Earwax removal drops are very easy to find and should be available from any pharmacy.

The Medical Treatments Available for Discolored Earwax

If the treatments that you try at home aren’t successful, or you feel discomfort as well as noticing discolored earwax, then you’ll need to speak to your doctor about the treatments that are available to you. A GP will be able to check for any underlying conditions that may be causing your ear problems.
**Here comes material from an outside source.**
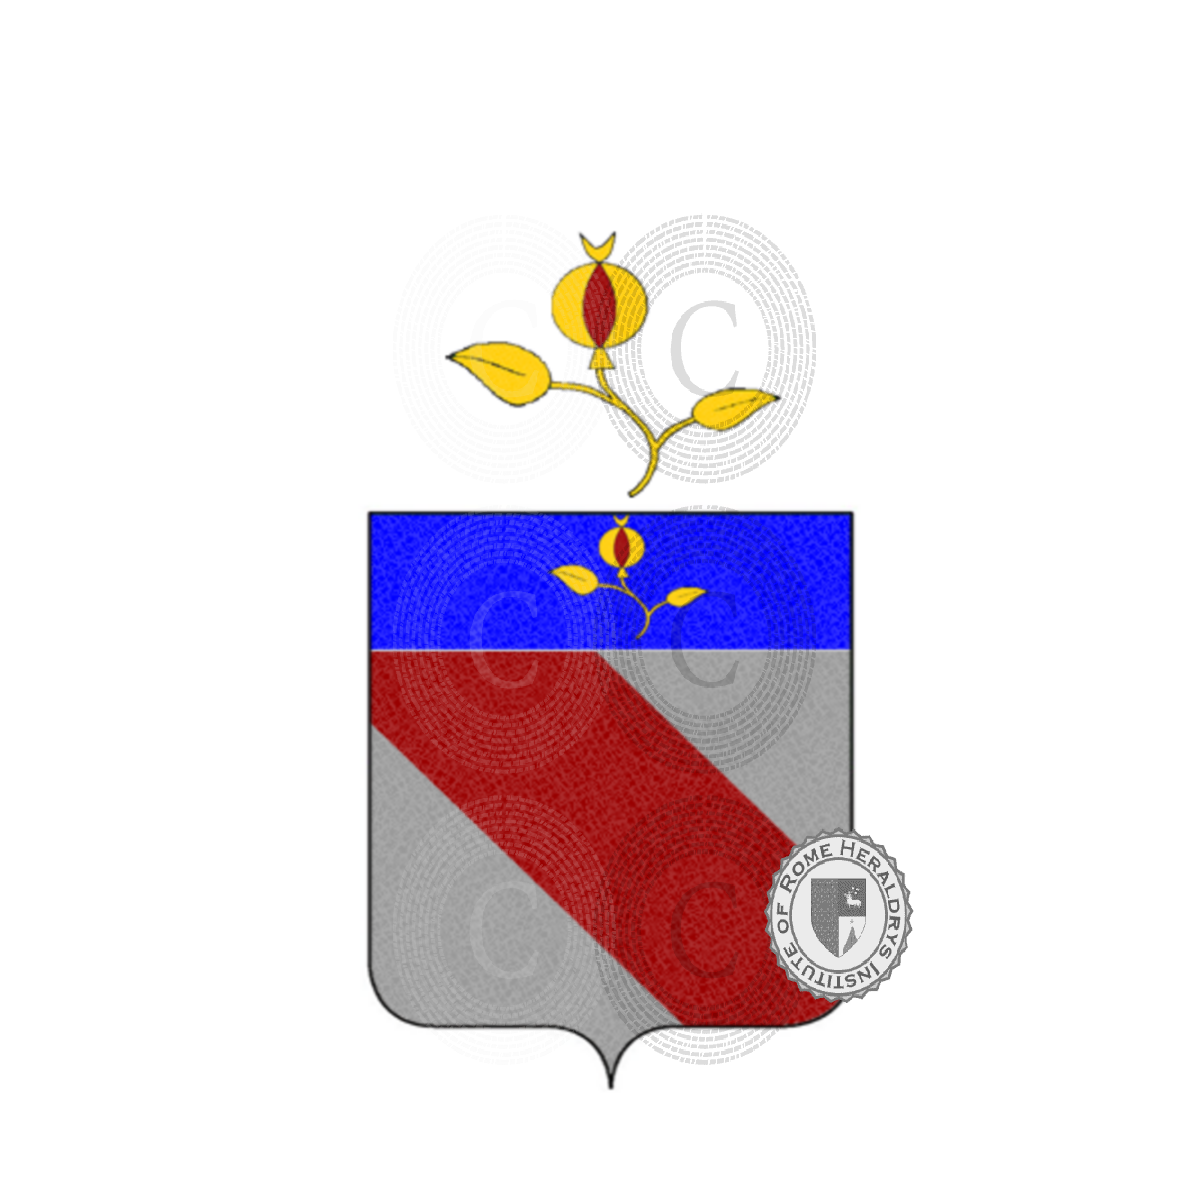 Coat of arms of familyvercellino

You can also try to clean your ears at home using one of the ear cleaning techniques and tools described in our guides. For example you can try:

How to Prevent Discolored Earwax

There are plenty of things that you can do to reduce your risk of discolored and built-up earwax. Usually, just leaving your ears alone to operate as normal will help to stop wax from building up. Regular jaw movement and showering will clean the ears naturally. You should also avoid washing your ears yourself using cotton buds, as this can make the situation worse.

Anyone who has a history of wax buildup in their ears might want to avoid using earbuds and other devices that need to be inserted into their ears regularly. If you notice that you experience problems a lot, then you can speak to your doctor. A GP might provide you with a medication that will soften your ear wax and reduce pain or discomfort.

When To Seek Help with Black Earwax

As mentioned above, black earwax and discoloration in earwax is rarely a cause for concern. However, if you’re experiencing this issue for the first time, it may be worth speaking to your doctor and getting referred to a professional. It’s also essential to get extra help from a professional if you notice symptoms besides the discolored wax, such as:

  • Pain in your ear
  • Dizziness
  • Nausea
  • Feeling as though your ear is blocked
  • Itchiness around or in the ear
  • Coughing
  • Ringing in the ears
  • Ear discharge
  • Problems with hearing.

Generally, it’s best to speak to your doctor before you try any at-home remedies too.

Although most remedies available will be safe to use, there’s always a chance that you could react negatively to some at-home solutions.